Questions about running SWIG are best answered in the SWIG Basics chapter as well as the target language modules. (For now, only Java and Python). The behaviour of this functionality is wildly unpredictable if the interface file is not proper to begin with!

39.2 Preparations

To make use of the comment translation system, your documentation comments must be in properly formatted Doxygen. They can be present in your main interface file or any header file that it imports. It is advised that you are certain your comments compile properly with Doxygen before you try to translate them. Doxygen itself is a deeper tool and can provide you better feedback for correcting any syntax errors that may be present. Please look at Doxygen's Documenting the code for proper specifications for comment format. However, SWIG's Doxygen parser will still point you most of errors and warnings found in comments (like unterminated strings or missing ending tags).

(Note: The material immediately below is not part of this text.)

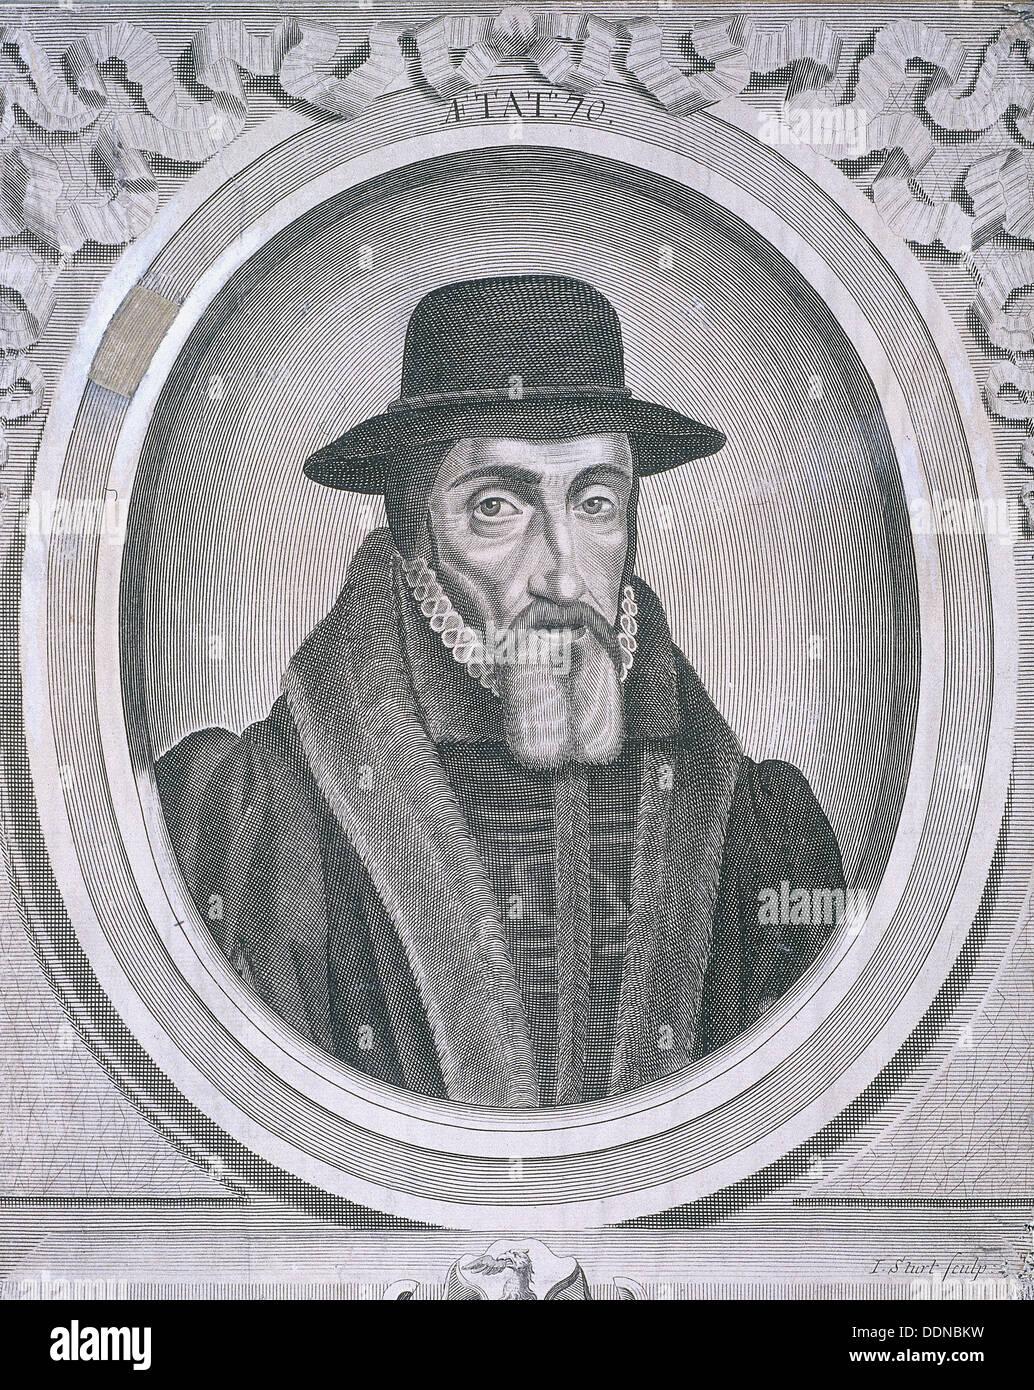 Oval portrait of John Foxe, c1570, (c1700). Artist: John Sturt - Stock Image

/*! This is describing class Shape
 \author Bob
 */

class Shape {

Currently, the whole subset of Doxygen comment styles is supported (See Documenting the code). Here they are:

/**
 * Javadoc style comment, multiline
 */
/*!
 * QT-style comment, multiline
 */
/**
 Any of the above, but without intermediate *'s
 */
/// Single-line comment
//! Another single-line comment

Also any of the above with '<' added after comment-starting symbol, like /**<, /*!<, ///<, or //!< will be treated as post-comment and will be assigned to the node before the comment.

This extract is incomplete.